Unnamed: 0_level_0,tmax,tmin,frost_days,rain_mm,sun
date,Unnamed: 1_level_1,Unnamed: 2_level_1,Unnamed: 3_level_1,Unnamed: 4_level_1,Unnamed: 5_level_1
1957-01-01,8.0,1.6,7.0,70.2,59.0
1957-02-01,6.9,0.1,15.0,85.7,92.0
1957-03-01,10.4,4.6,0.0,38.5,78.2
1957-04-01,11.9,4.5,1.0,11.6,164.3
1957-05-01,13.2,5.6,0.0,32.1,200.7


### Exercise

+ Manually calculate the maximum temperature in Leuchars, using the functions from your module.
+ Make an inline plot of temperature of Leuchars in the notebook with a custom title.

### Tests

Having functions that can be imported allows them to be tested.
The tests can be run via:

```bash
pytest scripts/test_plot_climate_data_good.py
```

Pytest looks for functions named `test_*` within modules named `test_*` and runs them.
Look at the test file to see how the tests work.
The `assert` function will raise an `AssertionError` if the statement is not true.
This is caught by by `pytest` and used in the test result.

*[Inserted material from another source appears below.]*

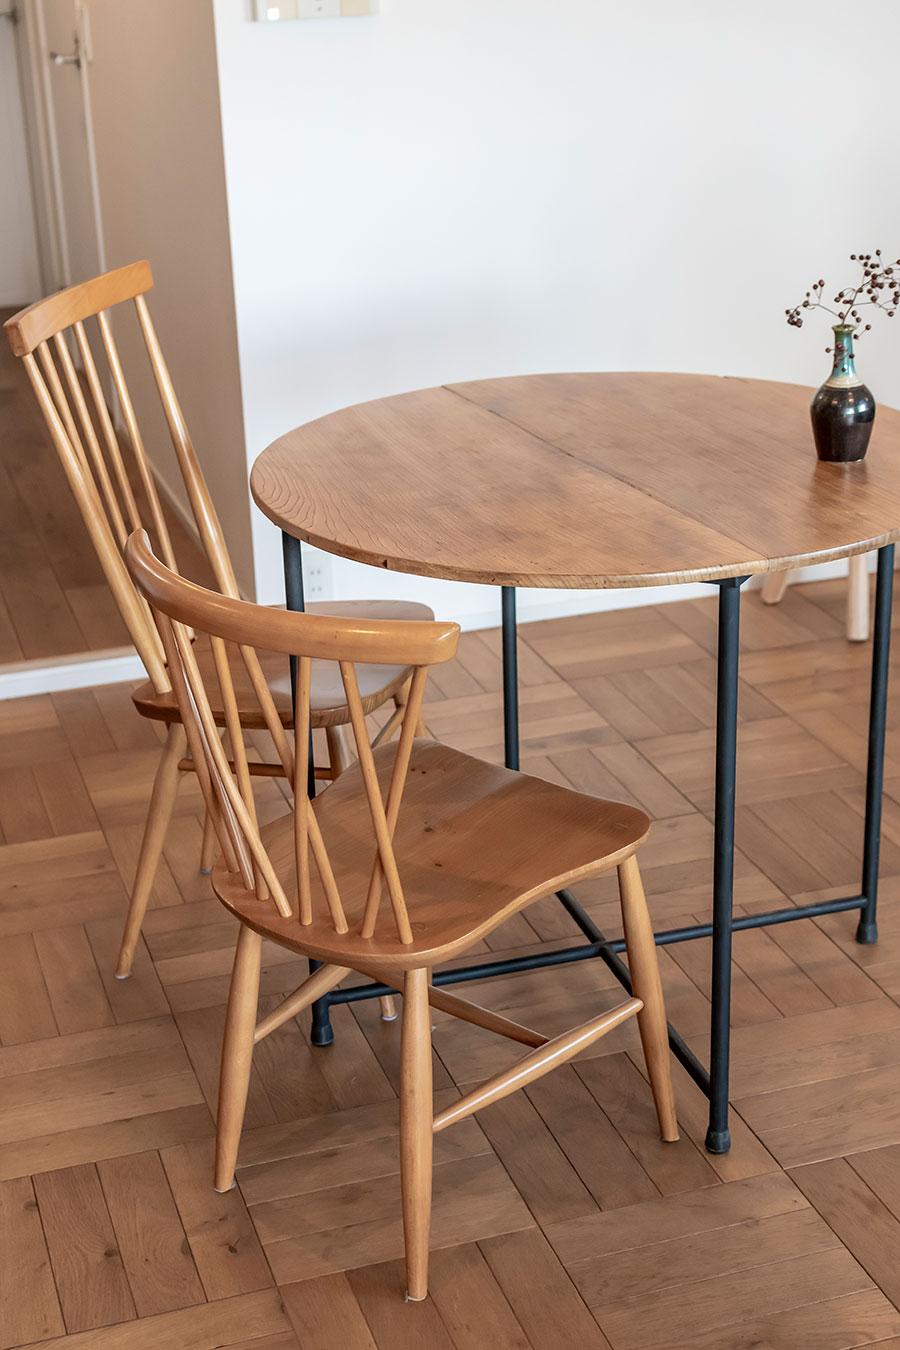 ちゃぶ台の天板を再利用した丸テーブル。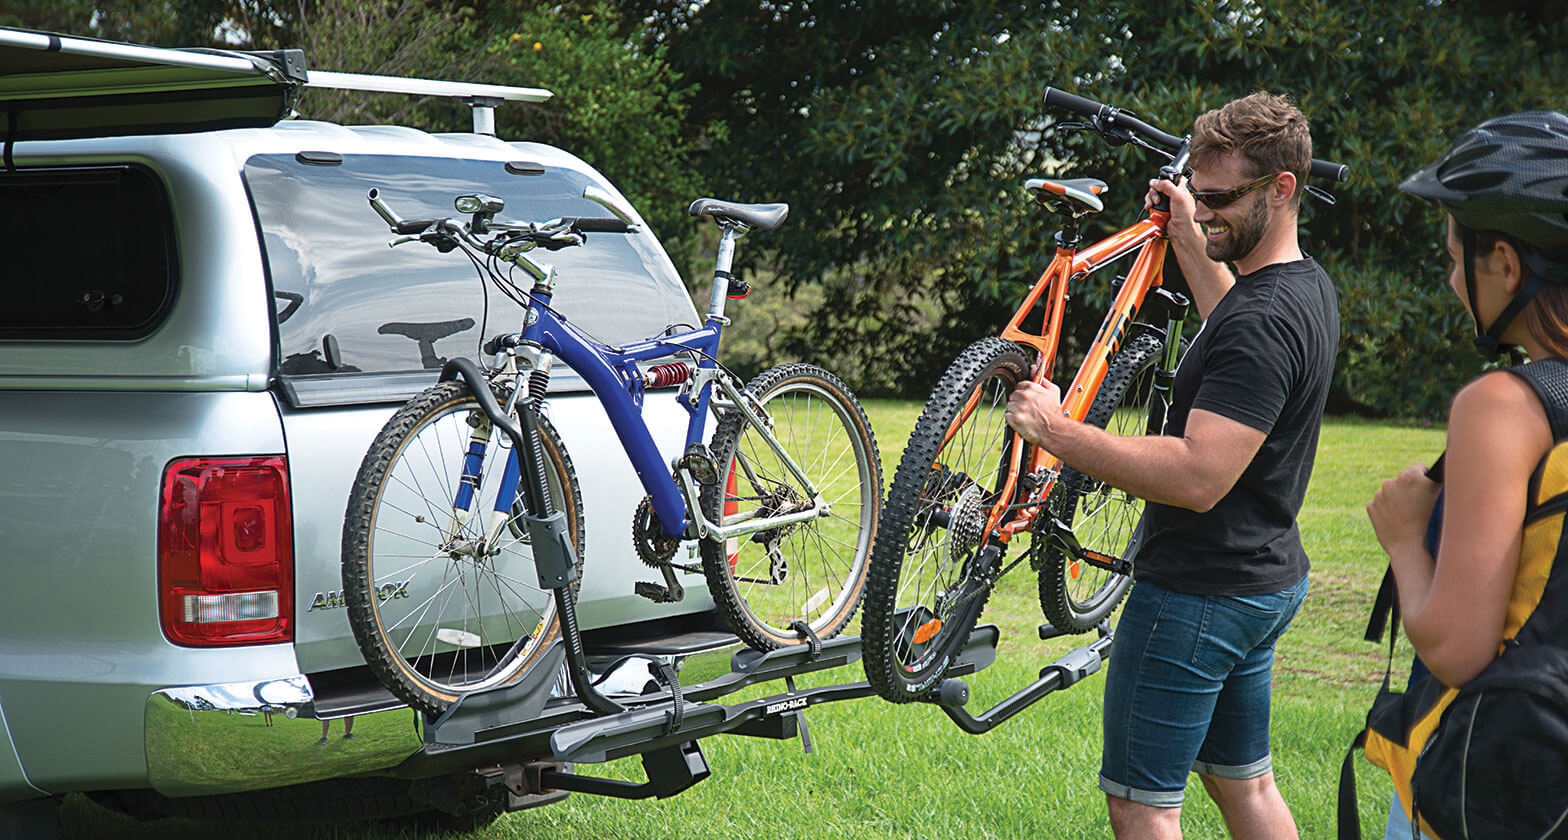 https medpharmres com indzen aspx cid 5 zpen best bike rack for 5 bikes xi 3 xc 21 pr 73 99

Writing tests lets you code faster because:

+ Writing code to be easily tested results in good structure e.g. functions do one thing
+ You only have to think about small scope
+ You can refactor your code with confidence

Further exploration of test methods and strategies is beyond the scope of this lesson.

### Exercise

+ "Test Driven Development (TDD)" refers to the practice of writing the tests before you write
 the code.  Use TDD to add a `get_oldest_data` function to the `plot_climate_data_good` module.